I have set up similar systems on Sun hardware but the high cost of that hardware makes these solutions prohibitive. It also makes it a lot harder to get a system to do what you want it to do if you cant hack the source code a little.
In the end a freeware solution like FreeBSD is more than up to the task of handling a large mail system like this. The only issues are proper configuration of this system. This issue applies to Solaris on sun hardware as well so it should not be mistaken as only a freeware problem.
Re:qpopper bad for large mailboxes (Score:2)
A good way to get around this is using qmail's LDAP patch. This way, you only need qmail's own local users. You should be able to convert your existing users to LDAP with no problem.
Qmail with 50,000+ (Score:2)
If you need IMAP, it gets tough... Except for IMAP I'd recommend Qmail.. it's the most robust thing, besides the NetApp that we have.. With NetApp and a RAID0 backed queue drive it screams...
You could all of the above with Penguins or VARs for pretty cheap... at guess 10,000 excluding the NetApp... If you use a beefy linux box with a fast raid 5 for the NFS server back end you'll also allow your servers to "load gracefully"

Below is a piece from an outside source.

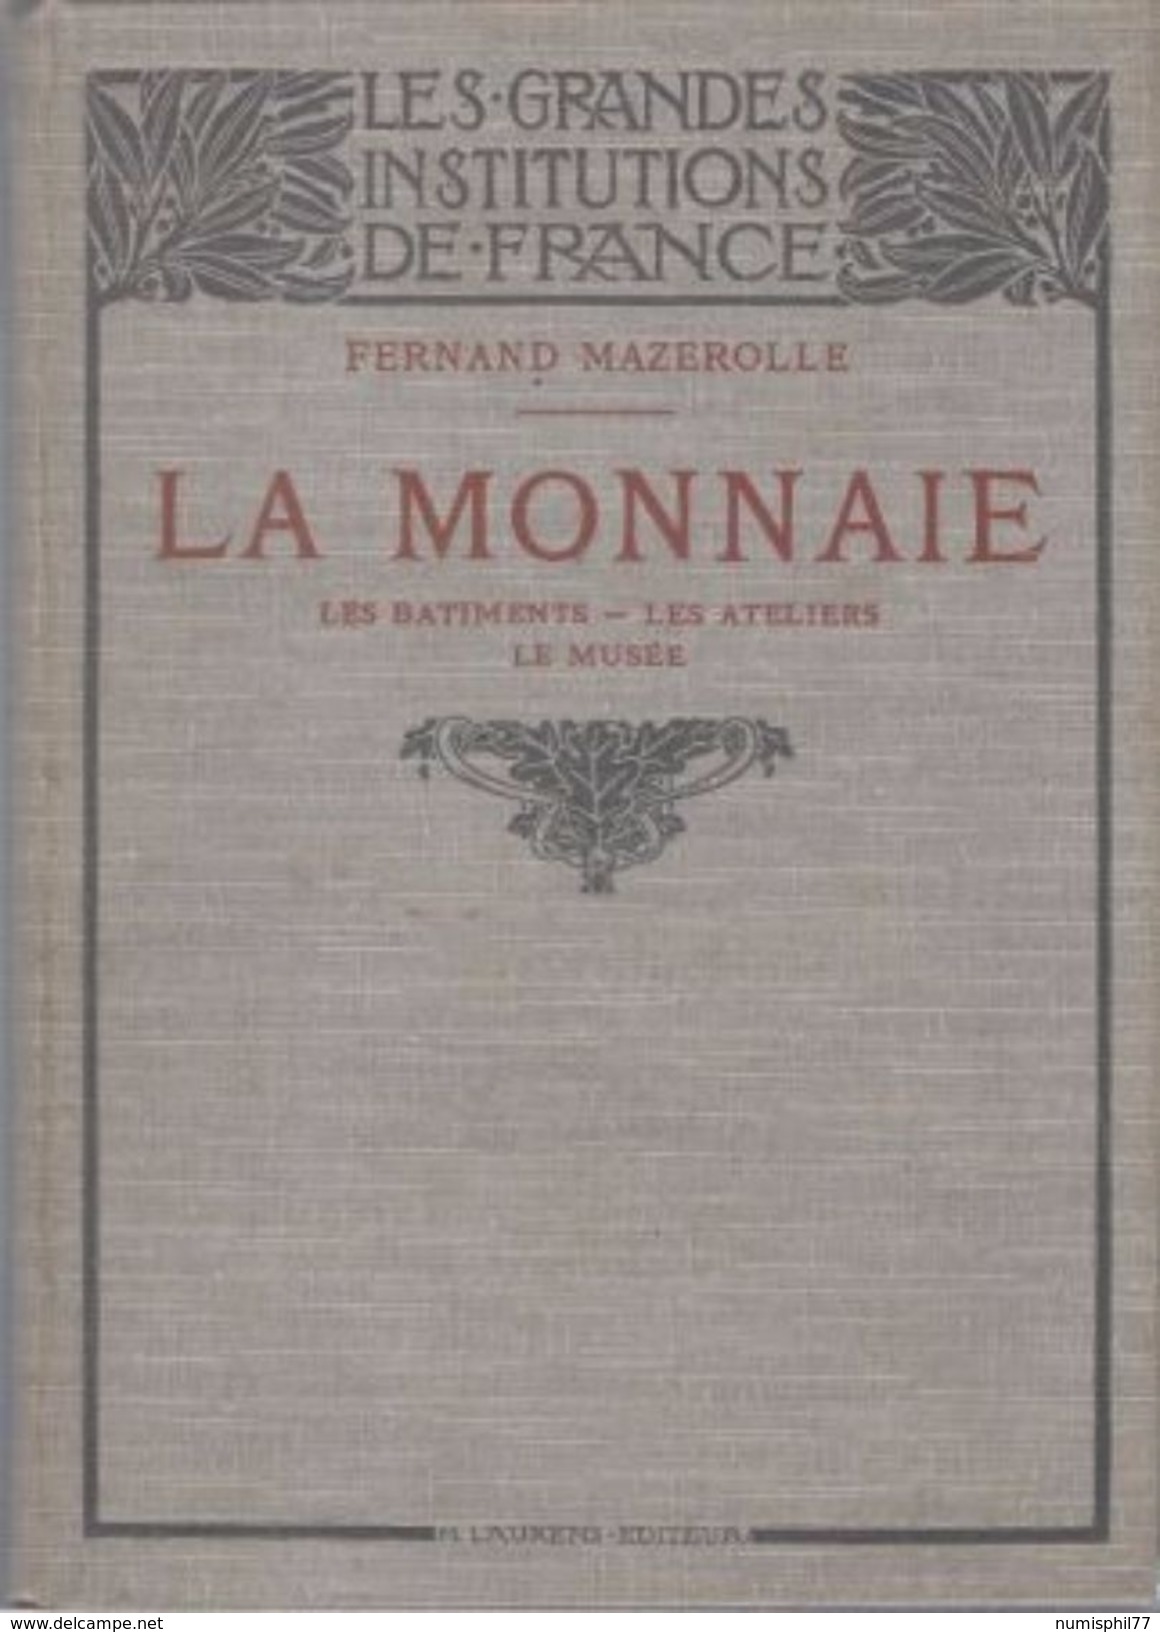 LIBRAIRIE NUMISMATIQUE - Les Grandes Institutions De France La Monnaie Par Fernand Mazerolle - 1907 - Livres & Logiciels

If you need IMAP but on a single domain, use the UW IMAP server... It even comes as an RPM and looks great... If you need multiple virtual domains like we do... IMAP looks pretty grim...
As it is when we go to web based email it looks like we're going to have to do a WebBased POP client...
Careful though, IMAP can get *WAY* more abused though... With IMAP you have the tendency for people to park and use more space... With POP it's just grab and go..
Resource wise POP is a better bargain and most clients can deal with it just fine... IMAP isn't worth the server load IMHO... Use qmail anyway ya can...
Re:Run, do not walk, away from Exchange. (Score:2)
First off I have 1200 users on a dual processor 16G hard drive, 512mb ram system. It has run 372 days without crashing/reboots/etc. Mail delivery is fast enough that it might as well be a chat room at times from people sending emails and replying so fast.
It has taken a good 4 waves of the Melissa virus without crashing or even blinking hard.
Other than adding uses and deleteing users there is NO, I reiterate- NO, other work done on it. The damn thing just runs. Period. No extra maintenance at all.
Yes the license cost blows goats. Yes MS does too. No Exchange isn't all that bad for a large scale environment if the people setting it up have a clue.
Meta (Score:2)
The paper is available here [stacken.kth.se] (in postscript).
At the talk I had the impression that the softwware was free. I cannot find it on their (skimpy) web site though.
From their description, 25,000 users wouldn't begin to make it sweat.
MCIS (Score:2)
i would recommend against using ms exchange as i know many people who have had loads of trouble with it.